Stored data entries
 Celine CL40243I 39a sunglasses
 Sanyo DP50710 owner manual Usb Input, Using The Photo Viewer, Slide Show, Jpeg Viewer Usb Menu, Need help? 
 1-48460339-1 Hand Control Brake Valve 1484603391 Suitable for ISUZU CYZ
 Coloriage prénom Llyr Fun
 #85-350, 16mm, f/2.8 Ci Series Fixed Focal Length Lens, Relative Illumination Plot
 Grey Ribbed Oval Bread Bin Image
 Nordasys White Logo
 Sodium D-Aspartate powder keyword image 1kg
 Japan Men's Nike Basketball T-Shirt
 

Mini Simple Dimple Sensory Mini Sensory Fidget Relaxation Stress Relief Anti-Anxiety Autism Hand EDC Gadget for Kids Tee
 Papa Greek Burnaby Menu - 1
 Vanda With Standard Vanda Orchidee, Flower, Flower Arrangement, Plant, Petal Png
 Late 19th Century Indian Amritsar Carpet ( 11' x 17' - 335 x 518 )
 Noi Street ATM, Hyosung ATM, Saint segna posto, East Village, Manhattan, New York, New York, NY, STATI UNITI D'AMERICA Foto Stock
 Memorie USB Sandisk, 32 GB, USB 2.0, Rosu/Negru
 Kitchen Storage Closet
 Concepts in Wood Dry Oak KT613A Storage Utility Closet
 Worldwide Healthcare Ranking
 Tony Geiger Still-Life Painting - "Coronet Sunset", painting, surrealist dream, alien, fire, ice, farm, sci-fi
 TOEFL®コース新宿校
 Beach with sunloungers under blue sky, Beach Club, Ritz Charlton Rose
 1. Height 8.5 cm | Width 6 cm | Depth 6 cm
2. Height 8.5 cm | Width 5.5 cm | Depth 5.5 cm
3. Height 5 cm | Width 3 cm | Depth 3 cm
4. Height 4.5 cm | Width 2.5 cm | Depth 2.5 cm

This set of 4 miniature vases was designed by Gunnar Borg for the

▸ Exercise instructions: Above are the records; from them, give again exactly the lines from the one containing "Grey Ribbed Oval Bread Bin Image" to the one containing "Vanda With Standard", both lines included, and nothing more.

▸ Your solution:
 Grey Ribbed Oval Bread Bin Image
 Nordasys White Logo
 Sodium D-Aspartate powder keyword image 1kg
 Japan Men's Nike Basketball T-Shirt
 

Mini Simple Dimple Sensory Mini Sensory Fidget Relaxation Stress Relief Anti-Anxiety Autism Hand EDC Gadget for Kids Tee
 Papa Greek Burnaby Menu - 1
 Vanda With Standard Vanda Orchidee, Flower, Flower Arrangement, Plant, Petal Png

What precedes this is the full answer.